Upcoming Webinar
Silent Witness: Lutyens’s Memorials & Cemeteries within the Battlefields of the Western Front.
Date: Thursday, November 21st 12:00PM EST
(9:00 AM PST, 10:00 AM MST, 11:00 CST, 5:00 PM GMT)
hosts: Marcos Lutyens and Robin Prater
panelists: Jon Gedling and Lynelle Howson
Upcoming Event
Edwin Lutyens and Gertrude Jekyll at Munstead Wood
Location: The Madoo Conservancy, 618 Sagg Main Street, Sagaponack, New York 11962
Dates: Sunday, October 27 | 12:00 noon, reception to follow
Tickets $35.00
We are delighted to host a conversation with Sir Edwin Lutyens’s granddaughter Candia Lutyens and Judith Prause, both Board Directors of the Lutyens Trust America, moderated by Alejandro Saralegui, Director of the Madoo Conservancy, on the intersection of landscape and architecture at Munstead Wood, the home of Gertrude Jekyll (1843-1932). The Grade I listed Munstead Wood in Godalming, Surrey, was designed by a young Edwin Lutyens and constructed from bargate stone and other local materials. Miss Jekyll incorporated many of her own ideas into the design, all of which add to its charm. It was completed in 1897. The garden—also Grade I listed—was created on heath land, some thirteen years before the house was built, during which time Miss Jekyll lived next door in The Hut. Munstead Wood was acquired by Britain’s National Trust in 2023. A brief film, “Munstead Wood 1896: A House for Miss Gertrude Jekyll” will be shown as well.
Upcoming Conference
Sir Edwin Lutyens: the ‘High Game’
Dates: November: Friday 15 – Sunday 17, 2024
Lodging: Downing College, Cambridge
The year 2024 marks the 80th anniversary of the death of Sir Edwin Lutyens – and coincidentally the 40th anniversary of the founding of the Lutyens Trust, which promotes the preservation of and research into the work of Lutyens. Knighted in 1918, recipient of the RIBA Gold Medals in 1921 and of the AIA in 1925, Lutyens has been regarded by some architectural historians as Britain’s greatest 20th-century architect. His design for the Cenotaph in Whitehall encapsulates with extraordinary dignity the national sentiment of sacrifice in the cause of freedom that still surrounds the two World Wars and his Viceroy’s House (now the Rashtrapati Bhavan) in New Delhi is a universally acknowledged architectural masterpiece. Lutyens’s death and the interment of his ashes in St Paul’s Cathedral in London in 1944 was quickly followed by publication of the three large volumes forming the Lutyens Memorial and a canonising biography by Country Life’s Christopher Hussey.
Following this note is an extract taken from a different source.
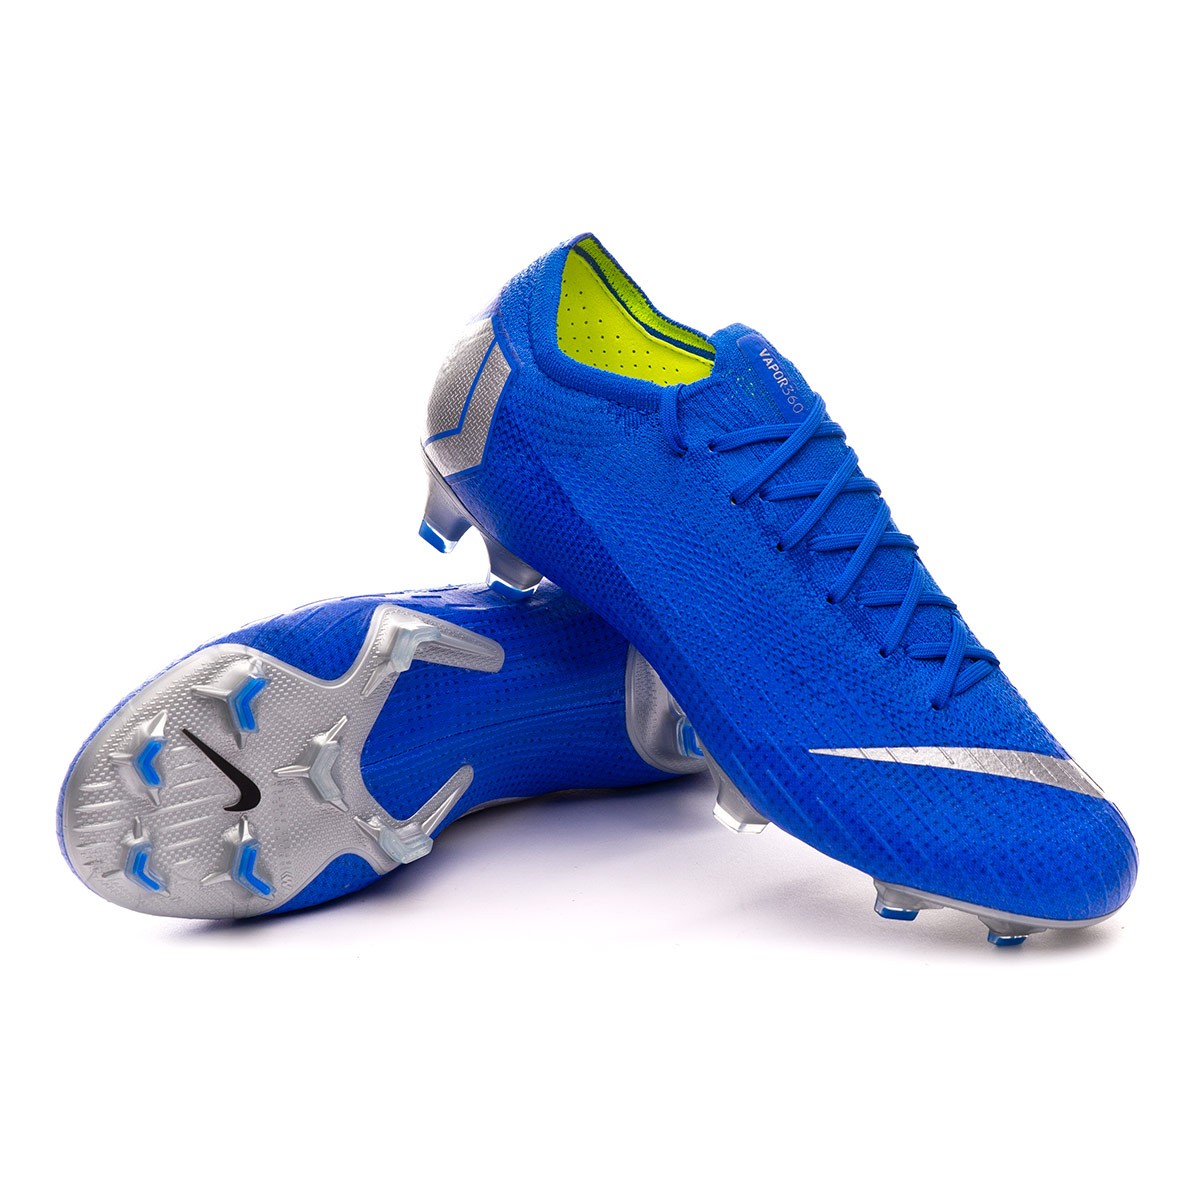 Bota de fútbol Nike Mercurial Vapor XII Elite FG Racer blue-Matallic  silver-Black - Tienda de fútbol Fútbol Emotion
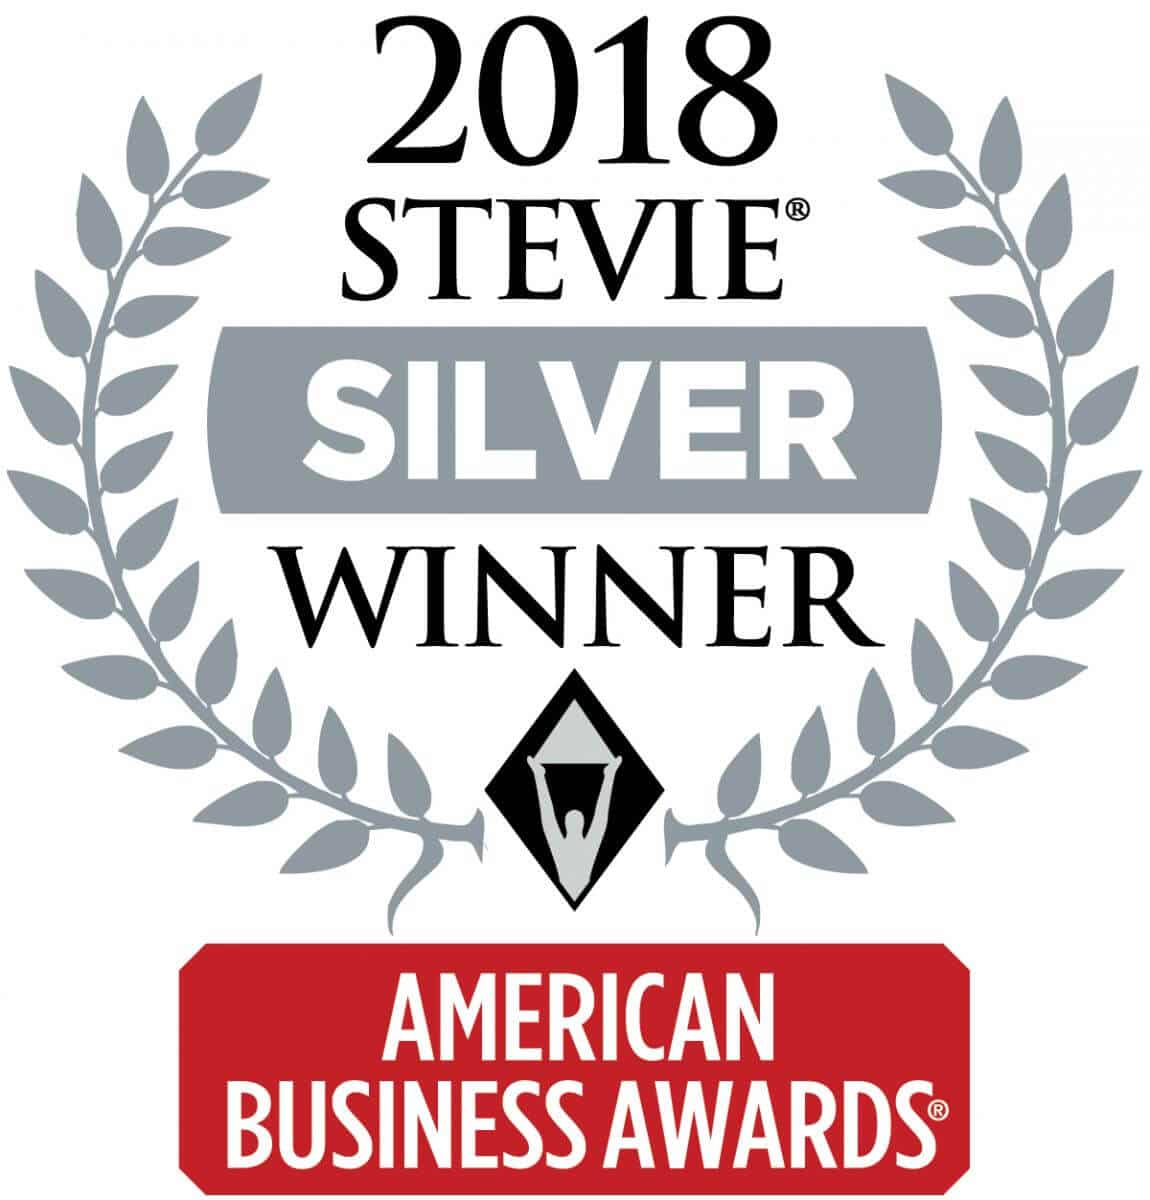 2018 Stevie Silver Winner: American Business Awards

Eighty years on, his overall standing is not so clear. Lutyens’s early, Arts and Crafts-inspired houses have continued to gather admirers, but his shift to classicism in his later designs – the ‘High Game’ as he called it – has left his architectural legacy less obvious.
What We Do
The Lutyens Trust America is an organization formed to promote the appreciation and knowledge of the work of the British architect, Sir Edwin Lutyens OM (1869-1944). Considered one of the most remarkable architects in British history, Sir Edwin Lutyens left behind a rare architectural legacy that included a rich variety of form and style. Among his over 800 commissions, Lutyens designed many beautiful country houses, public buildings, bridges, and war memorials in Britain. His prolific work abroad includes designs such as Rashtrapati Bhavan in New Delhi, Thiepval Arch on the Somme in France, and the British Embassy in Washington, D.C., as well as many other distinguished buildings.
The wit and finesse of Lutyens’s architecture continues to be a source of inspiration and delight to architects and those interested in architecture, making his built work, memorials, drawings, and letters worthy of preservation and study, not just in Britain but also in the United States. As an educational organization, The Lutyens Trust America focuses on enhancing appreciation of, and on providing opportunities for the study and conservation of Sir Edwin Lutyens’s work. Events for The Lutyens Trust America will include tours of Lutyens-related sites, lectures, and the support of ongoing preservation efforts related to Lutyens’s legacy of architectural design. One of our aims is to inspire new generations of architects and designers to revisit Lutyens’s work as an inspiration for their own creative paths.